Look below for the line with "Public Park Benches" and the line with "Bayreuther Sonntagszeitung 2016-02-21- A". Copy exactly those two lines and every line between, but not the pictures.
*** Opening Source data ***
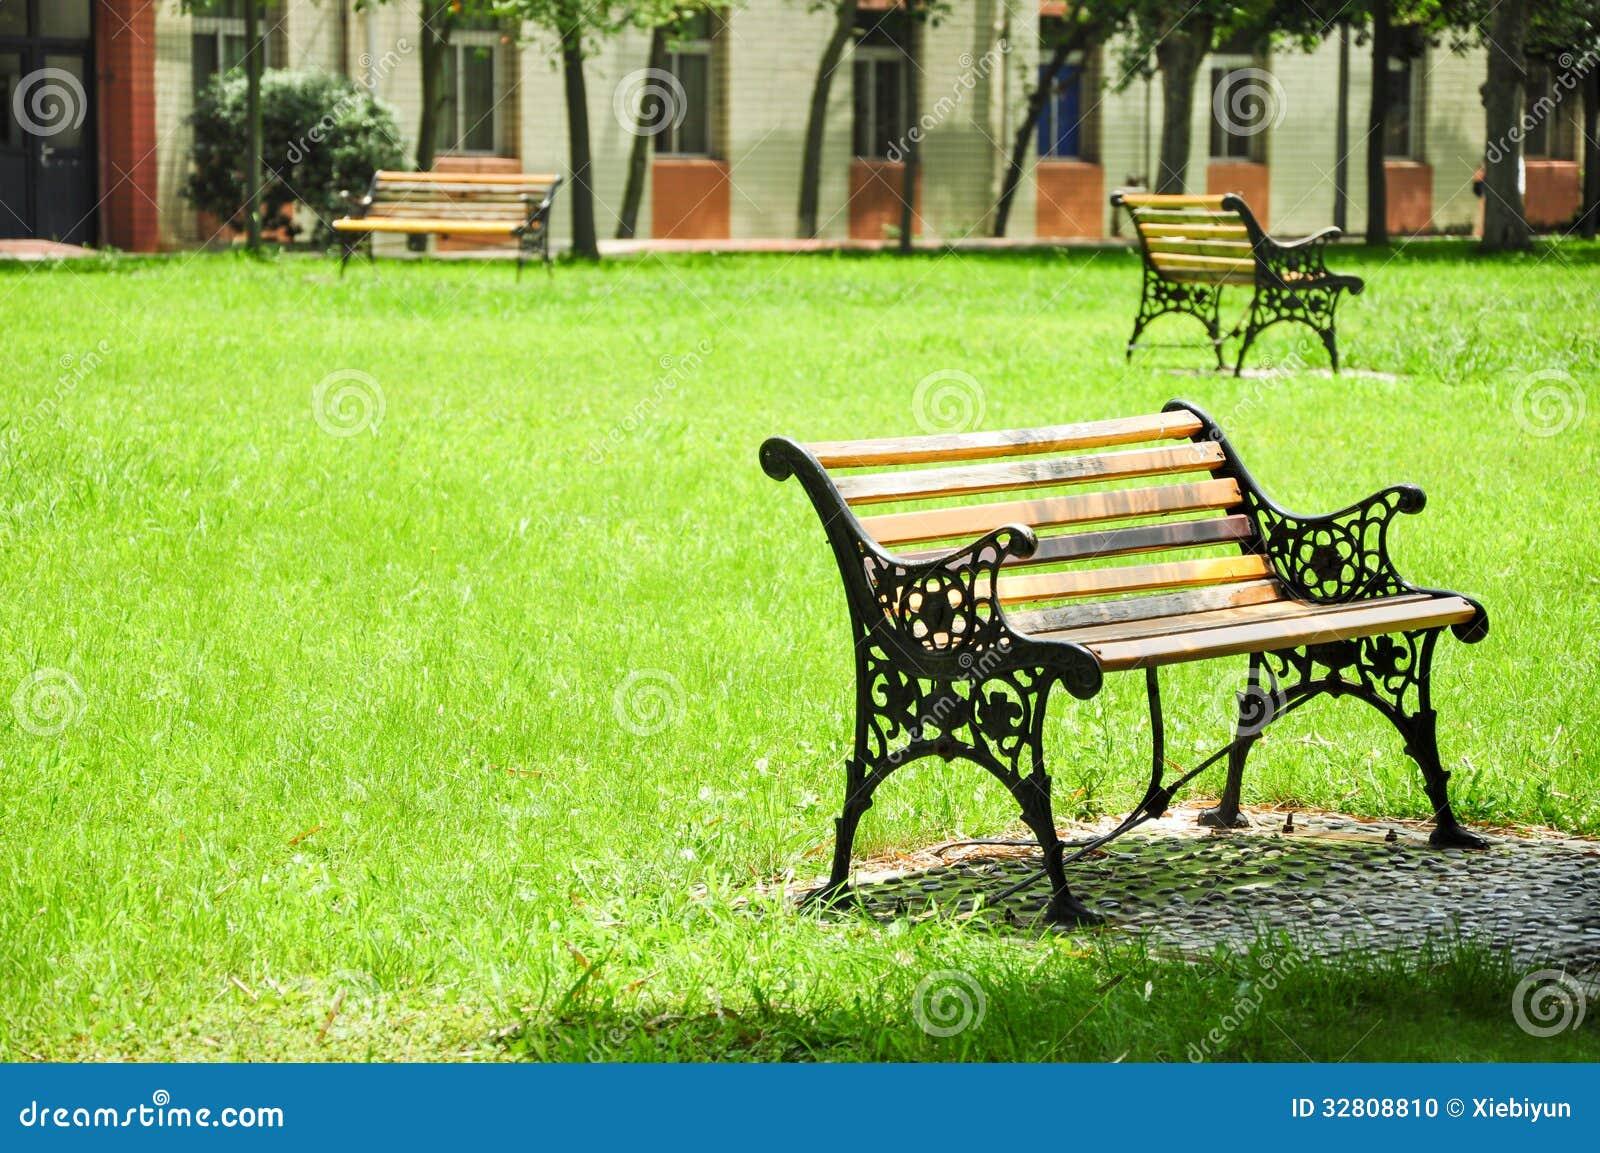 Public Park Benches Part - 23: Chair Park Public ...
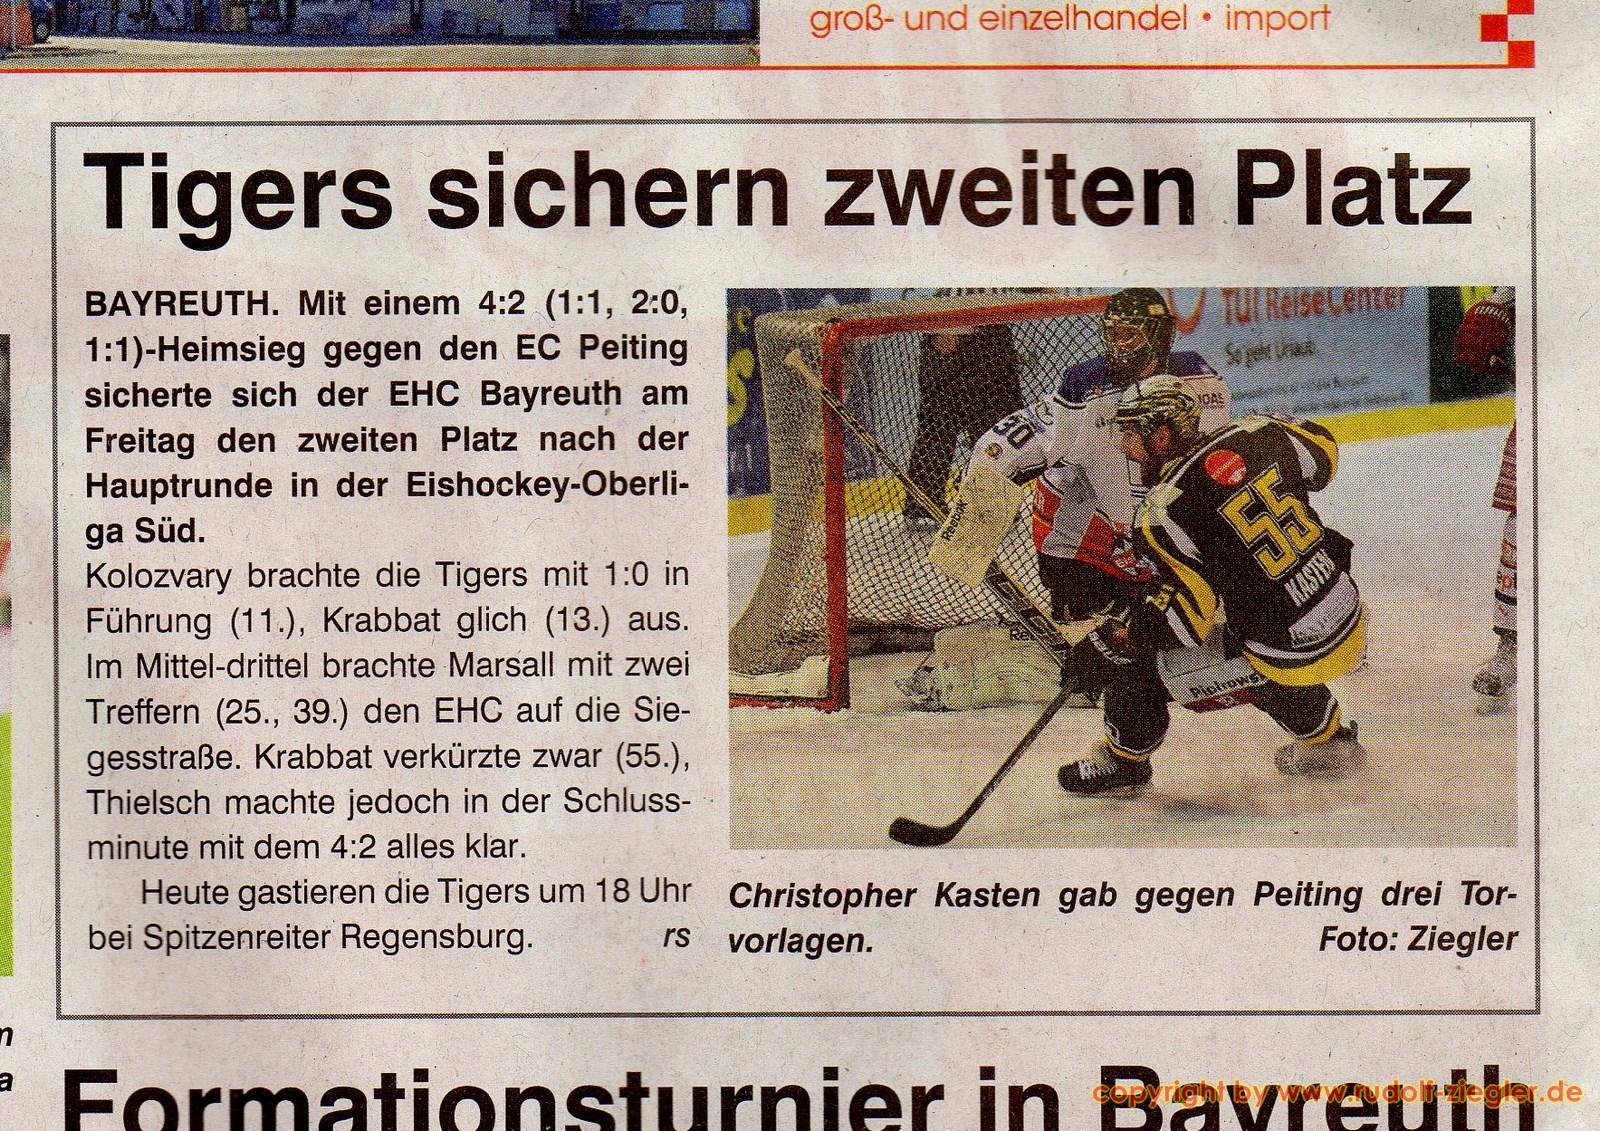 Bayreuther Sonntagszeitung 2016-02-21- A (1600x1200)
*** Closing Source data ***
*** Opening Source data ***
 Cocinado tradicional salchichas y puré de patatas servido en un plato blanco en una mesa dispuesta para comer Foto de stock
*** Closing Source data ***
=== Result of this task ===
 Public Park Benches Part - 23: Chair Park Public ...
 Bayreuther Sonntagszeitung 2016-02-21- A (1600x1200)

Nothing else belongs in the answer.